Series 2 was obtained under the following experimental conditions: (5000 W; 1900 mm/min; 0.45 bar), (5000 W; 1900 mm/min; 0.50 bar) and (5000 W; 1900 mm/min; 0.50 bar). Very good cutting widths were obtained for the pressure range (0.47–0.48 bar). The minimum of the function is 0.479 bar characterized by a cutting width of 0.31 mm. The optimal cutting conditions are described by the variation of the cutting width as a function of the auxiliary gas pressure for H400 using the polynomial:

$$\mathrm{Kerf}=10·{\mathrm{x}}^2-9.5·\mathrm{x}+2.55,$$

(3)

For series 1 (laser power 4900 W), the measurements made on the cutting width highlighted three pieces with 0.30 mm, three pieces with 0.35 mm and three pieces with 0.40 mm. It is observed that under conditions of minimum gas pressure, laser power and speed, a maximum cutting width is obtained, and for the combination of minimum power, maximum pressure and speed a minimum cutting width (0.30 mm) results. Series 2 with pieces numbered from 10 to 18, has six pieces with minimum values of cutting width (0.30 mm), due to preheating of the sheet. Series 3 with parts 19 to 27 has a single piece with a cutting width equal to 0.30 mm (piece 25), because the sheet was heated during previous processing.
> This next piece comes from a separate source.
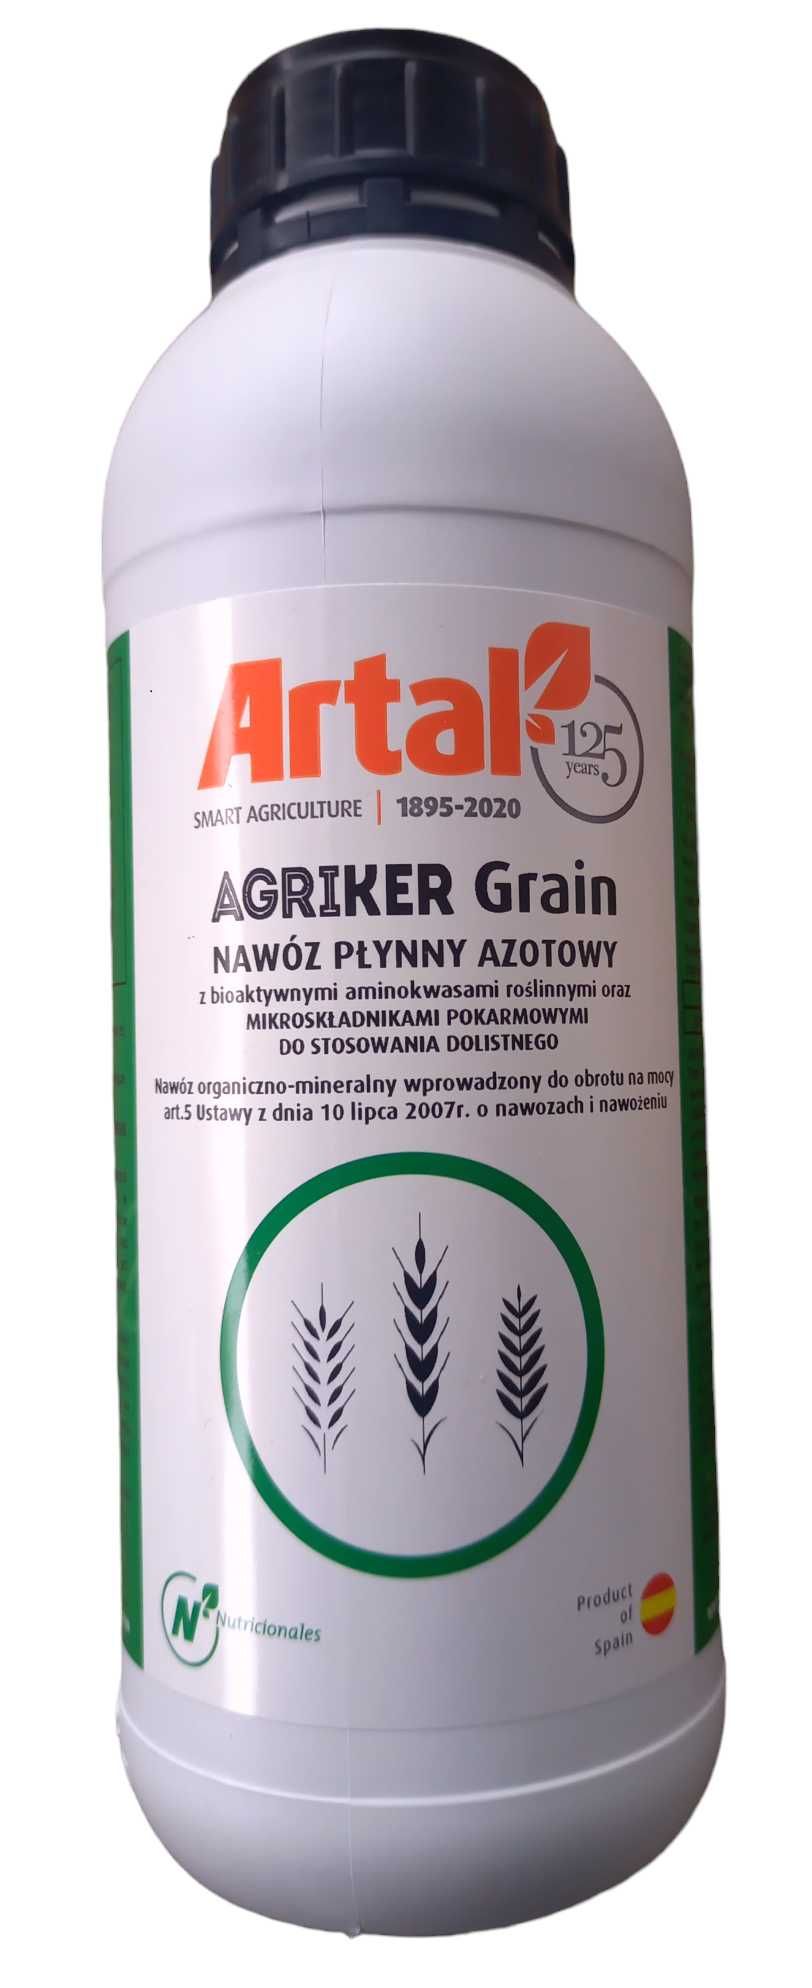 Agriker Grain najlepsze aminokwasy roślinne, op 5 Litrów na 5 hektarów
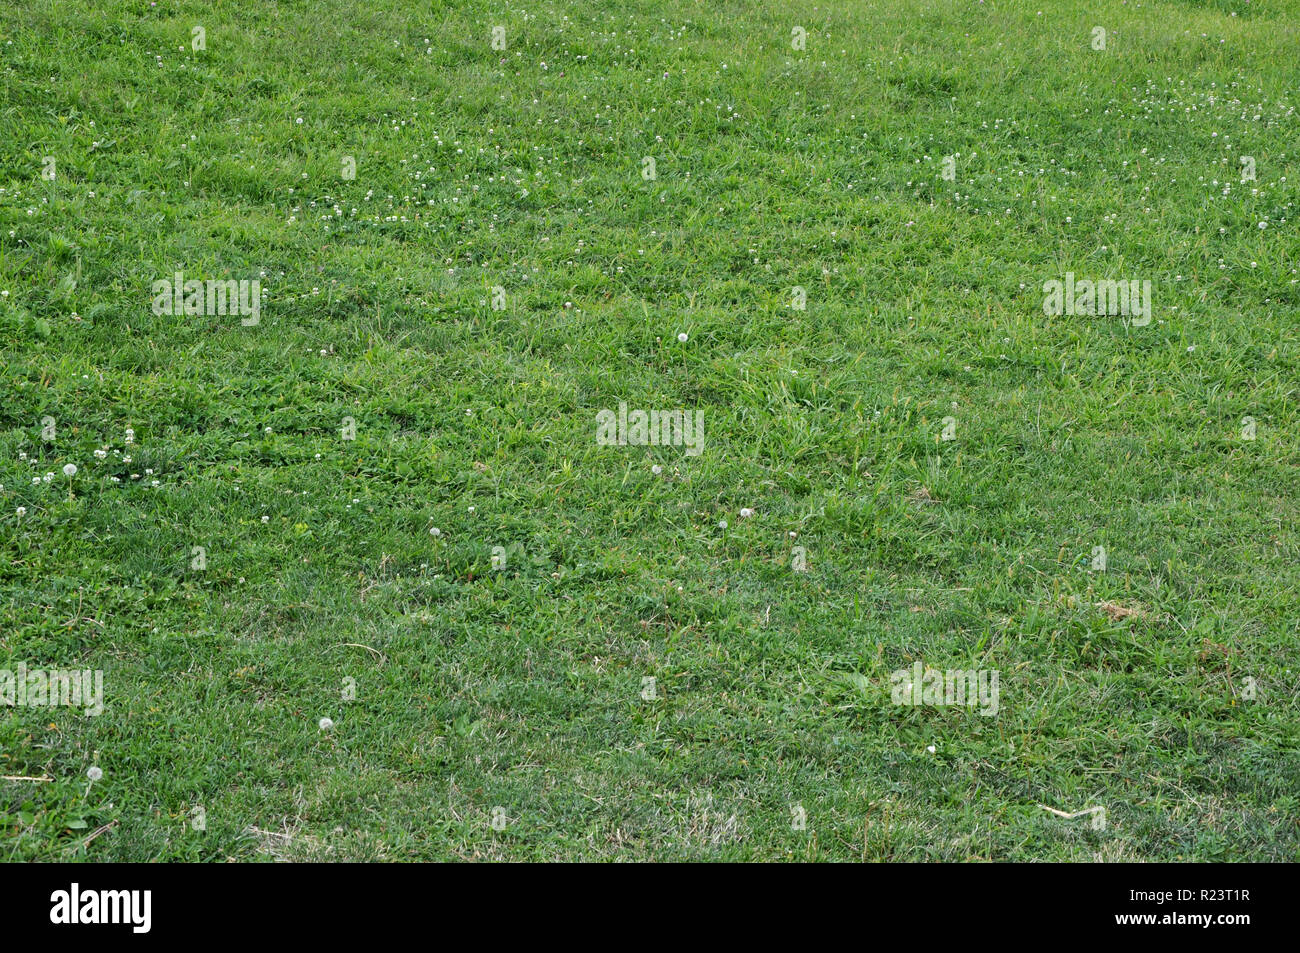 Arrière-plan horizontal de l'herbe verte avec des fleurs blanches et des graines de pissenlit. Banque D'Images

We therefore conclude that the parameters used in series 1 and 2 are indicated as a priority in the technological process of cutting in order to have a minimum cutting width, material savings, low energy consumption and implicitly low processing costs.

The input data needed to determine the cost of the laser manufacturing process were centralized in

Table 4. Determination of the cost of the laser cutting machining process.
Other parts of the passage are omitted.